Main observation types assimilated in the ARPEGE 4D-Var assimilation system over the period October 2019–March 2020 and described more precisely in Table 1. The infrared radiances from polar-orbiting satellites are shown in red (IASI, CrIS, AIRS), those from geostationary satellites (GEORAD) in orange, the AMVs in green, the in situ observations (CONV) in cyan, the oceanic surface winds from scatterometers (SCATT) in olive, the microwave radiances (MW) in black, and the GNSS-RO bending angles (GNSS) in purple.

Citation: Monthly Weather Review 151, 1; 10.1175/MWR-D-22-0087.1

Table 1

Summary of the observing systems assimilated in the baseline 4D-Var system of the ARPEGE model. The maximum number of radiances per spaceborne sensor is provided in the last column with their sensitivity to temperature (T), water vapor (WV), and ozone (O3). Similarly, the spectral bands (VIS, IR, WV) used for the derivation of atmospheric wind vectors are shown. In situ sensors measure surface pressure (Ps), temperature (T), relative humidity (RH), and winds. The ground-based GNSS (GB-GNSS) receivers provide zenith total delays (ZTD) measurements informative on integrated water vapor.
Table 1

The geographical distribution of the main observing systems examined hereafter are displayed in Fig. 2 for a 6-h period corresponding to the length of the 4D-Var assimilation window. Surface observations have the highest density over Europe. There is good coverage over Asia, the Americas and Australia. On the other hand the number of stations is very much reduced over Africa. The radiosonde network exhibits a hemispheric disparity with a good coverage over Europe, North America, Russia, and China, and poor coverage over the Southern Hemisphere. There are few stations over the tropics and in the Southern Hemisphere, due to the presence of oceans and to continental data voids in South America and Africa. In terms of aircraft data, the highest density is over North America and Europe, and between the two continents. Regional commercial airlines can be seen over Europe, China, and Australia. Similarly to other in situ observations, the Southern Hemisphere lacks aircraft data. The amount of polar-orbiting microwave radiometers on contrasted orbits allows a global coverage over a 6-h period. When considering hyperspectral infrared sounders, despite representing the largest data amount, the coverage is not complete over 6 h, because of only two complementary orbits for the polar satellites. The coverage of AMVs is important between 50°S and 50°N. Polar-orbiting satellites provide additional wind information at high latitudes between 70° and 90°. The coverage provided by scatterometers for oceanic surface wind is far from optimal since the three MetOp satellites are on the same orbit and there is only one additional satellite (OSCAT on Scatsat-1). This statement is also true for the GNSS-RO bending angles because only two complementary orbits are available in addition to the MetOp satellites.

Fig. 2.
Fig. 2.

Geographical coverage of the main observing systems evaluated in the OSEs. (a) Surface stations, (b) radiosounding stations, (c) aircraft data, (d) microwave radiances, (e) hyperspectral infrared radiances, (f) atmospheric motion vectors, (g) scatterometer winds, (h) GNSS-RO bending angles for a 6-h period around 0000 UTC 1 Oct 2019. The various colors distinguish different satellite platforms for a particular observing system or observation type.

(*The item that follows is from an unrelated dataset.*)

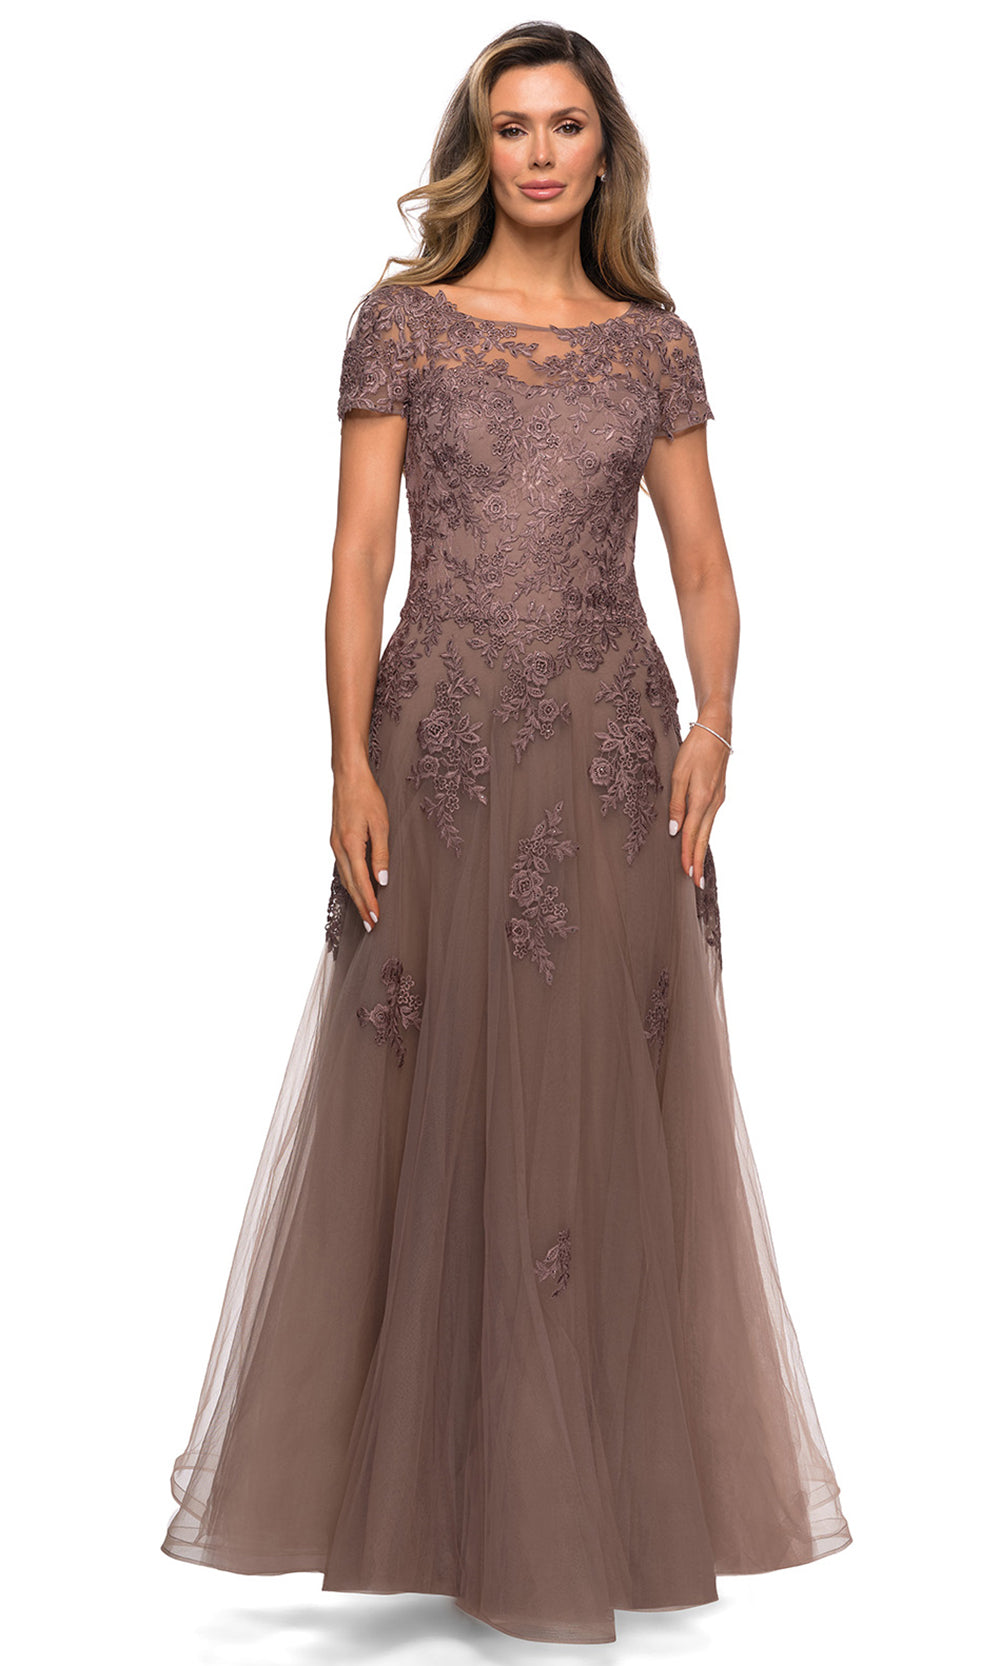 La Femme - 27958 Short Sleeve Floral Appliqued Tulle Dress In Brown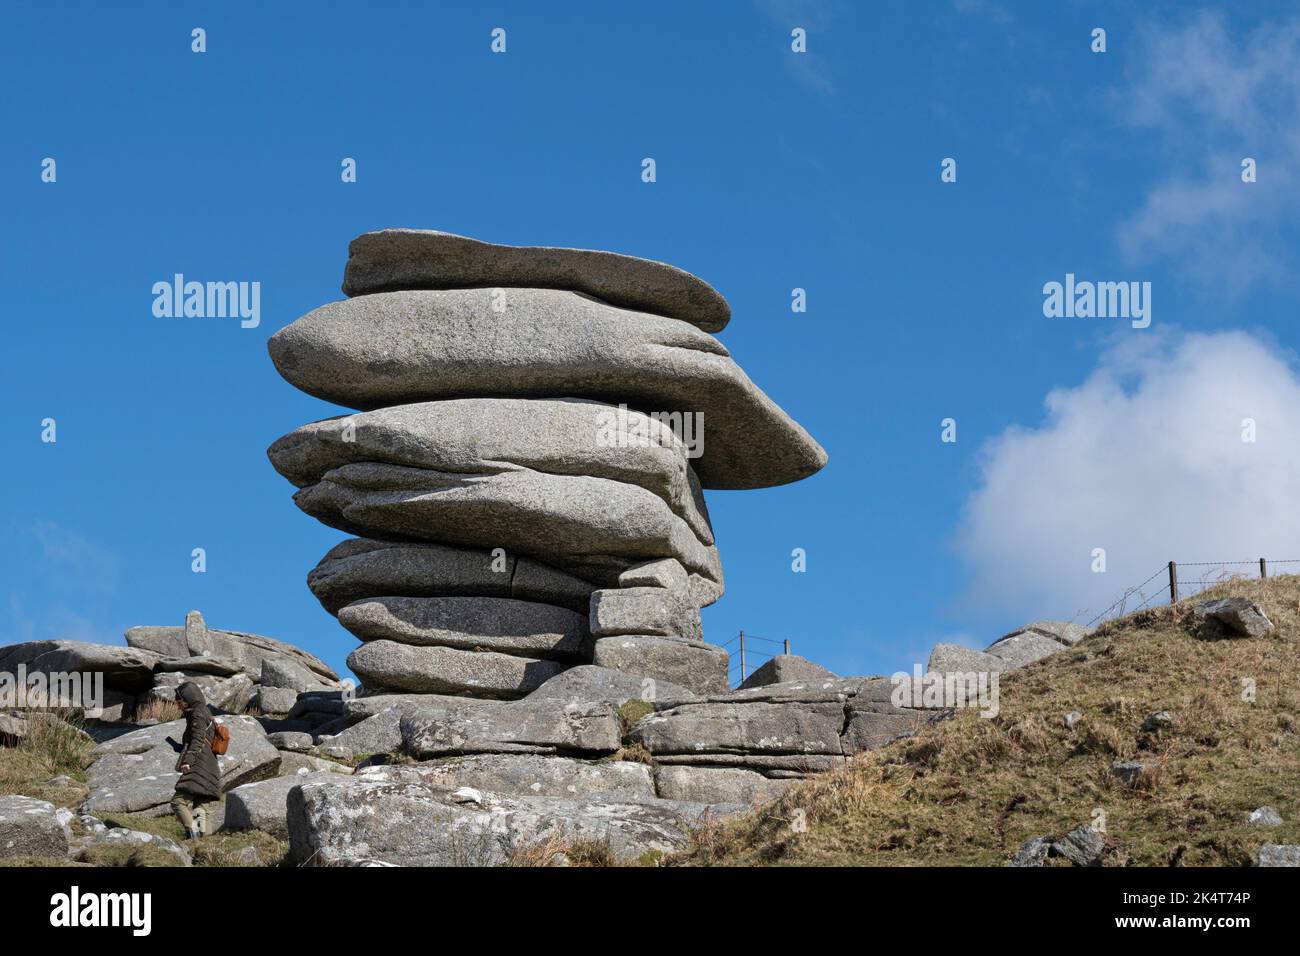 Le Cheesewring une immense pile de roches de granit formée par l'action glaciaire sur le sommet de Stowe Hill sur Bodmin Moor en Cornouailles. Banque D'Images

Citation: Monthly Weather Review 151, 1; 10.1175/MWR-D-22-0087.1

3. Experimental design

All experiments were run over a 6-month period from 1 October 2019 to 31 March 2020. This period has been chosen since, as explained above, it is associated with a wealth of satellite observations. The data latency windows for observation usage in 4D-Var were taken from the operational system with values ranging from 70 to 180 min depending upon analysis time. From each analysis at 0000 UTC (the background field being a 6-h forecast that starts at 1800 UTC the day before), a 4-day forecast model integration at resolution TL798 was run and compared against radiosoundings and ECMWF operational analyses (assumed to be independent measures of the true state of the atmosphere).

We have considered a baseline experiment (REF) with the full observing system. It has been verified that the quality of the resulting analyses and forecasts is rather similar to the one from the operational system, despite slightly lower objective skill scores (in terms of RMSE values due to the coarser horizontal resolution, both in the data assimilation system and in the model (not shown).

A set of six denial experiments excluding the following observing systems was then undertaken:

  • NO CONV: no in situ conventional observations (radiosoundings, aircraft reports, wind profilers, SYNOP stations, SHIP and BUOY reports)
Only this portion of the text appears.